Excerpted records:
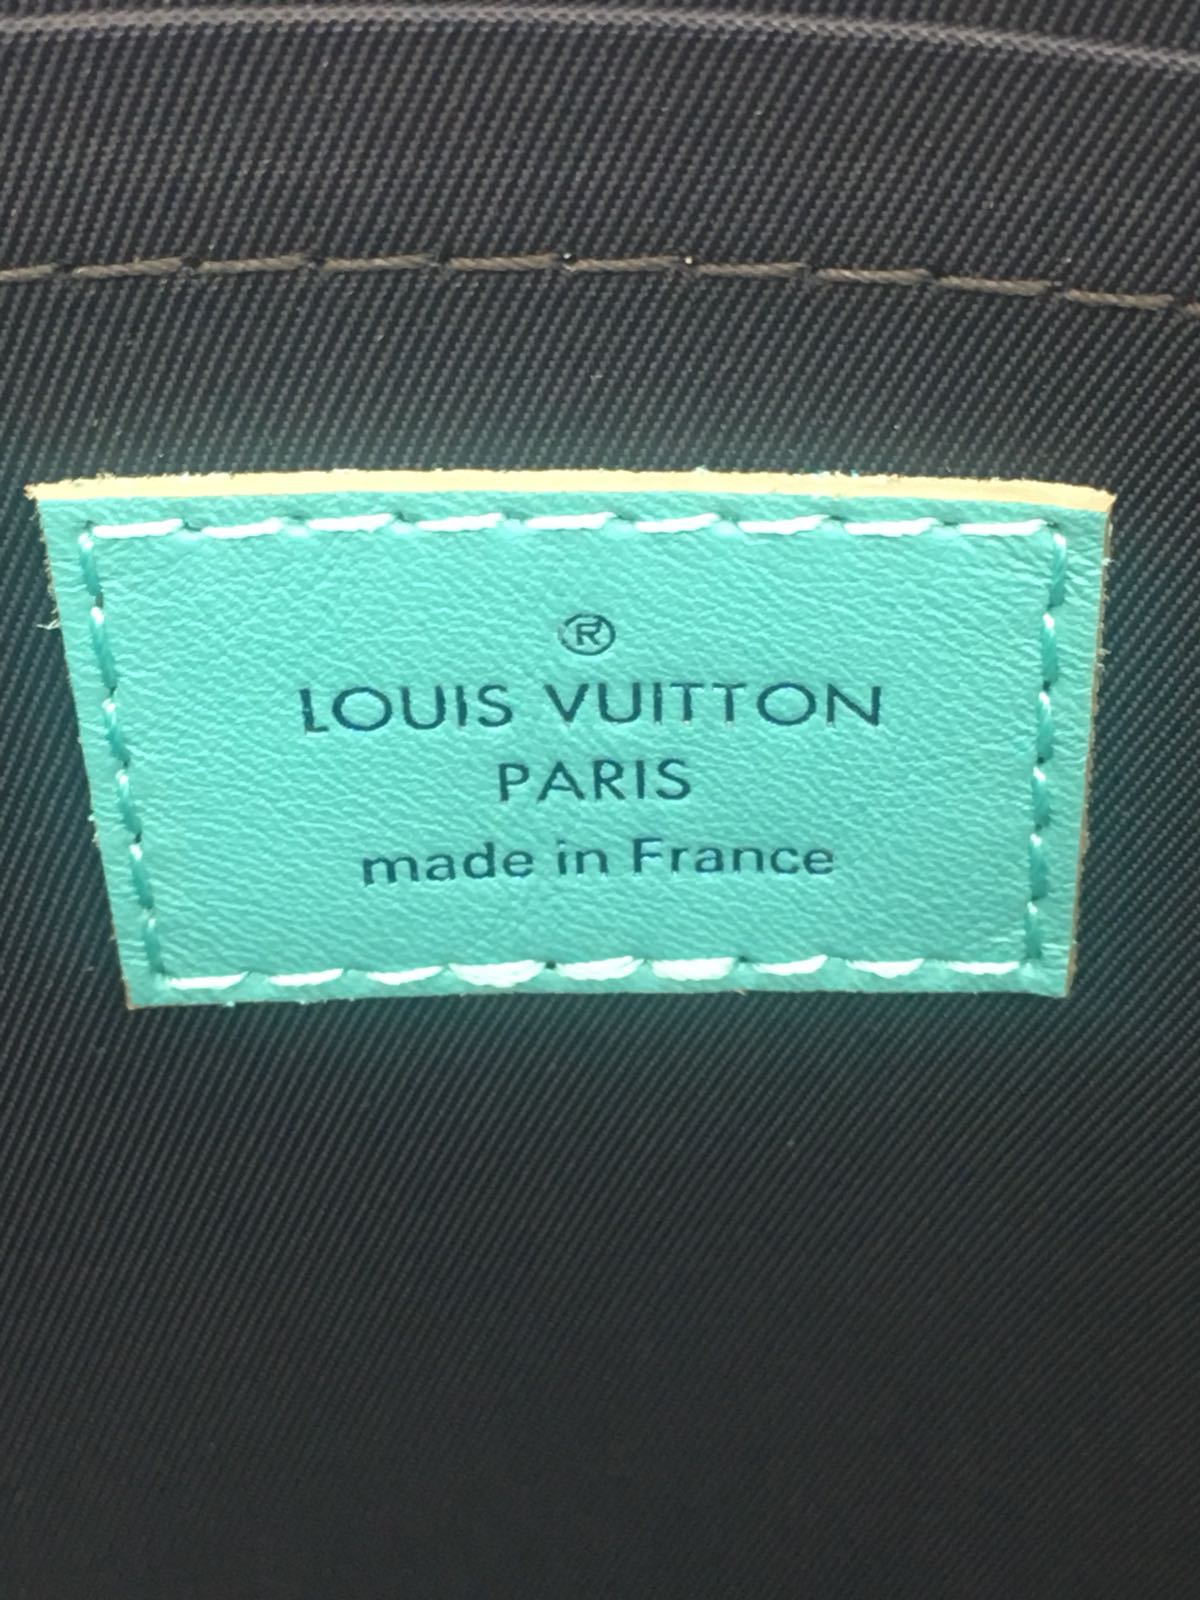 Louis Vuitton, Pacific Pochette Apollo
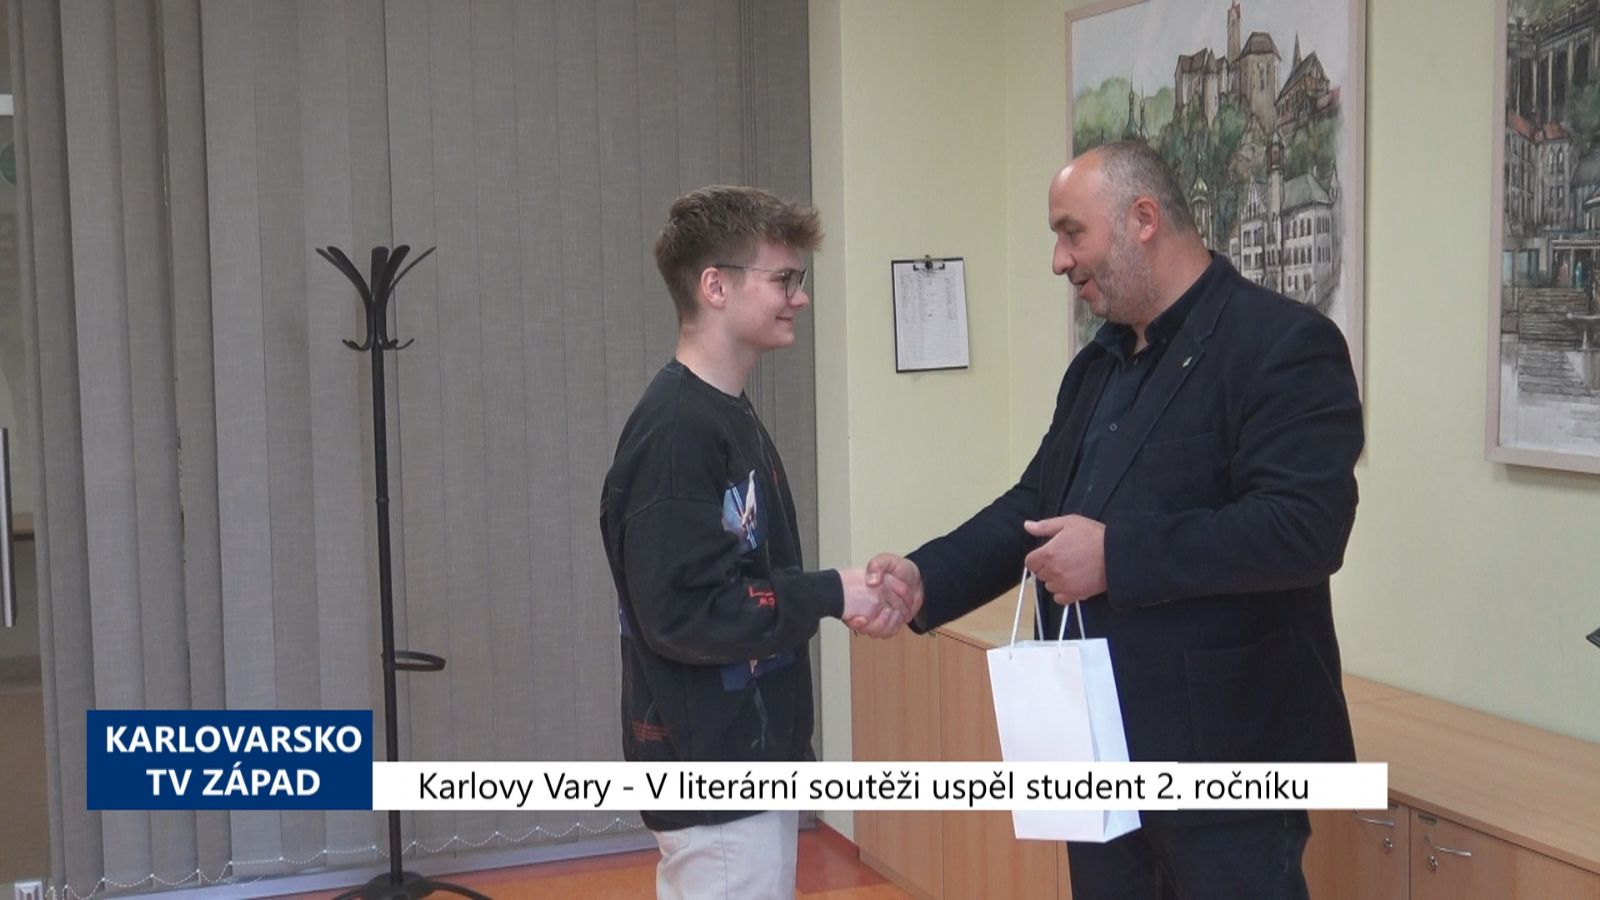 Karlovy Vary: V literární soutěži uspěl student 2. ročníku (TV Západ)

...

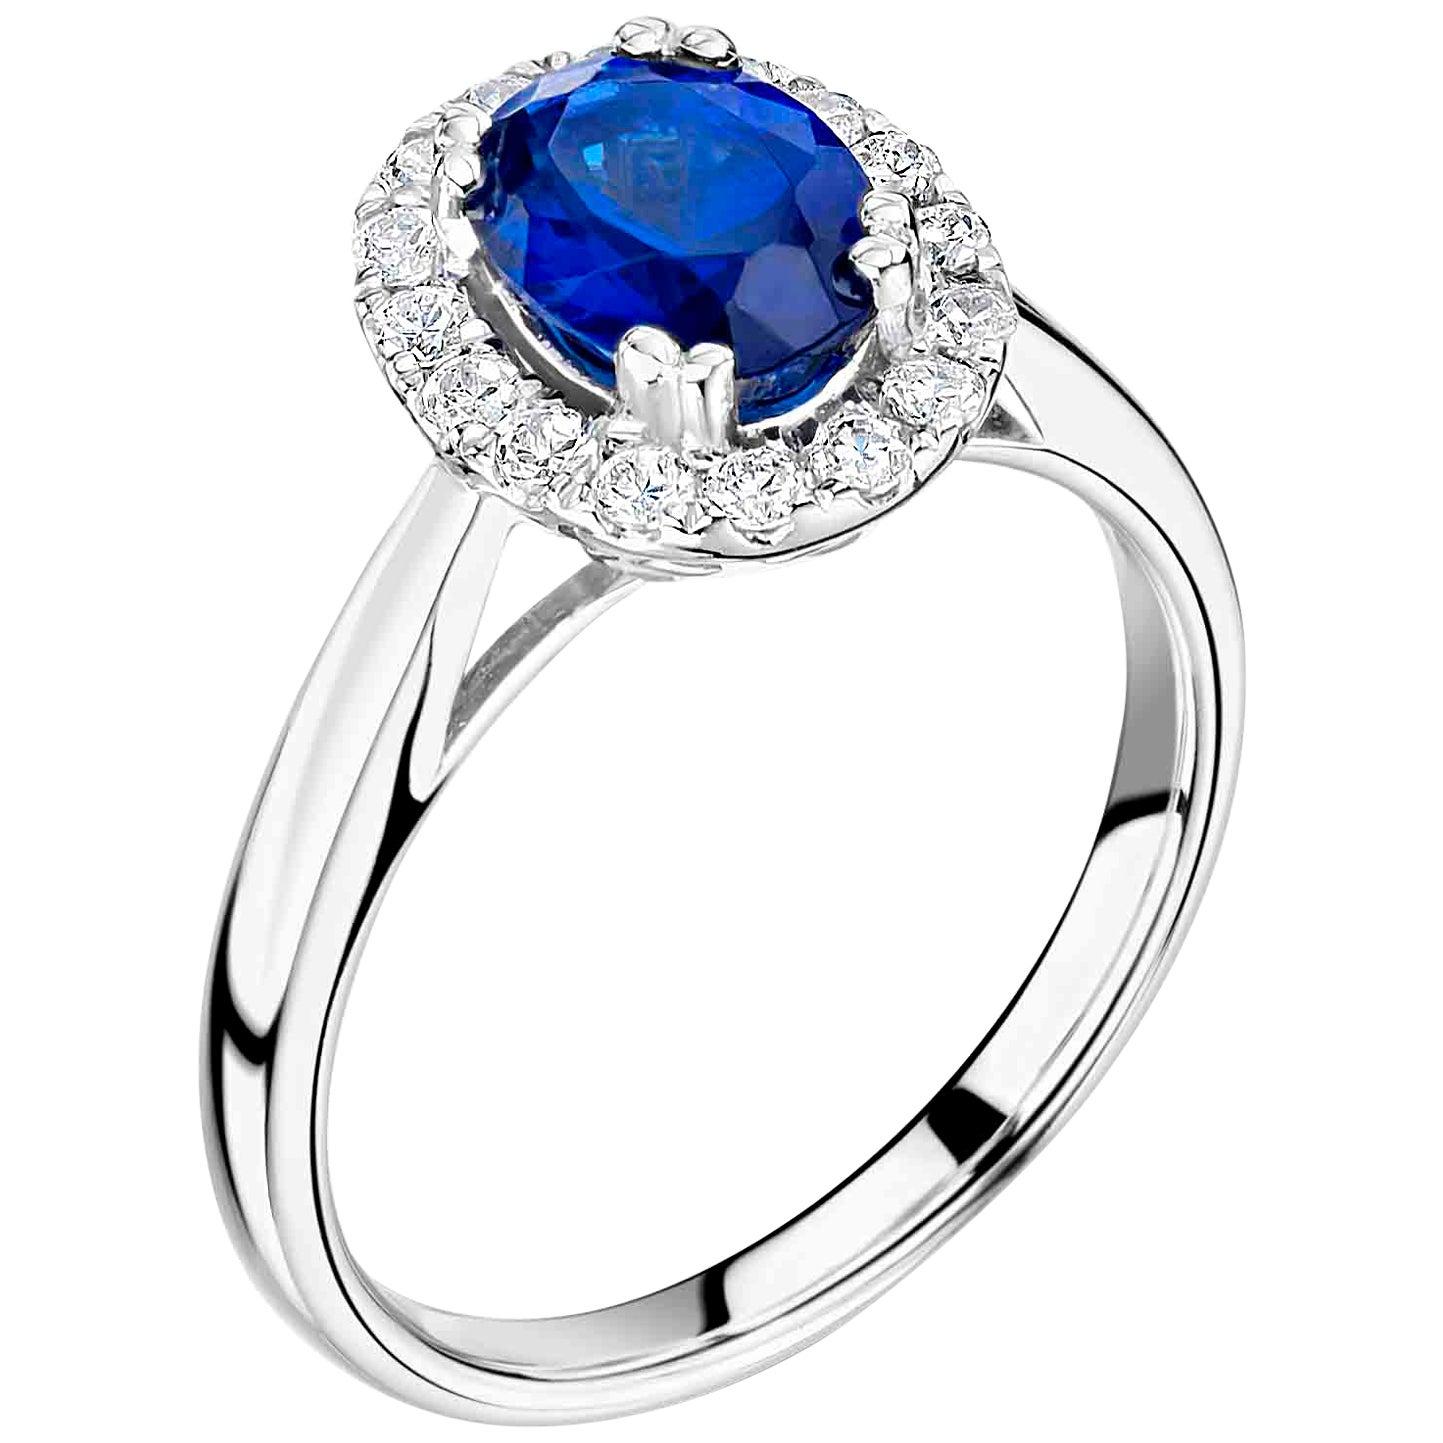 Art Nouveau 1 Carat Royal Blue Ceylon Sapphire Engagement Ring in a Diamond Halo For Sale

--

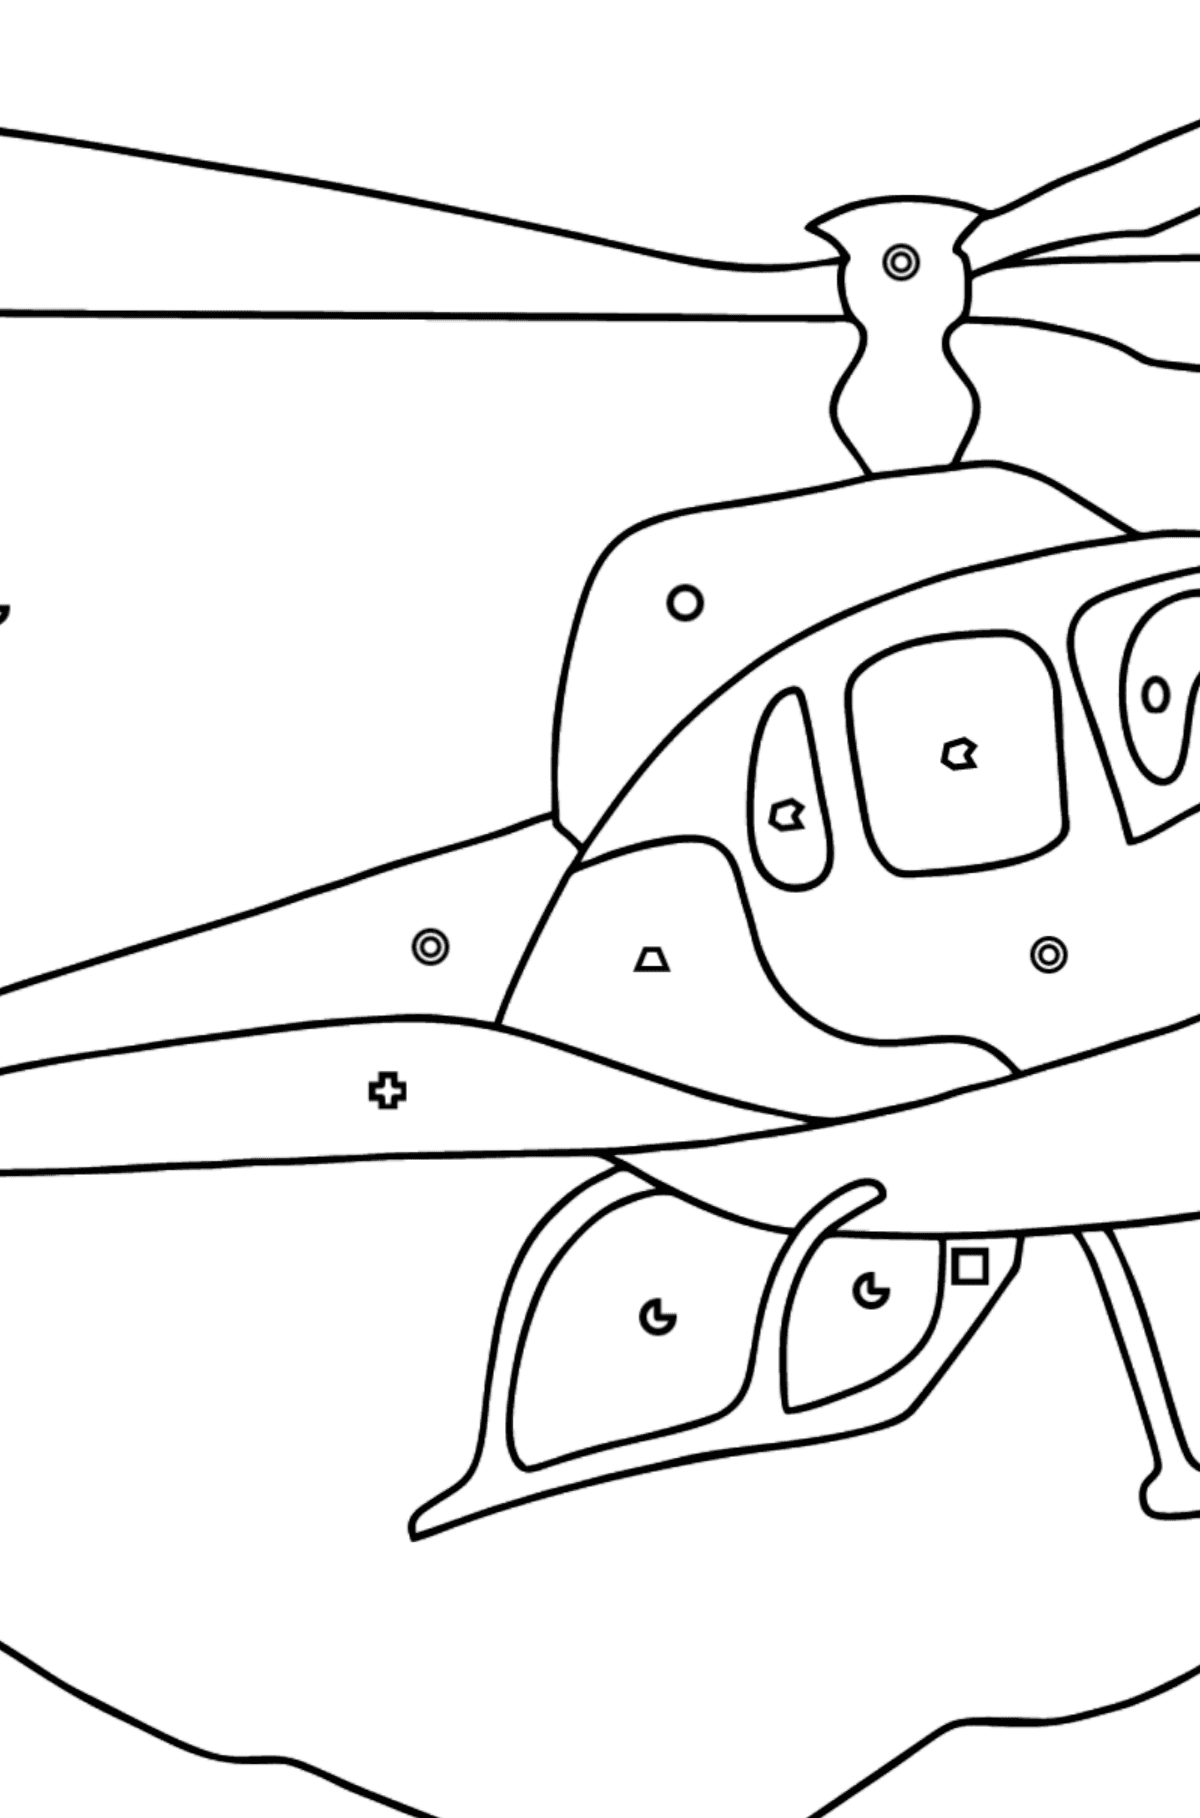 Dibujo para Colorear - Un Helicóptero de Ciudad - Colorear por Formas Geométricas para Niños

Work request: For this exercise, reproduce exactly the lines of the records above from the one with "Louis Vuitton, Pacific Pochette Apollo" up to and including the one with "Karlovy Vary: V", without pictures.

Output for this exercise:
 Louis Vuitton, Pacific Pochette Apollo
 Karlovy Vary: V literární soutěži uspěl student 2. ročníku (TV Západ)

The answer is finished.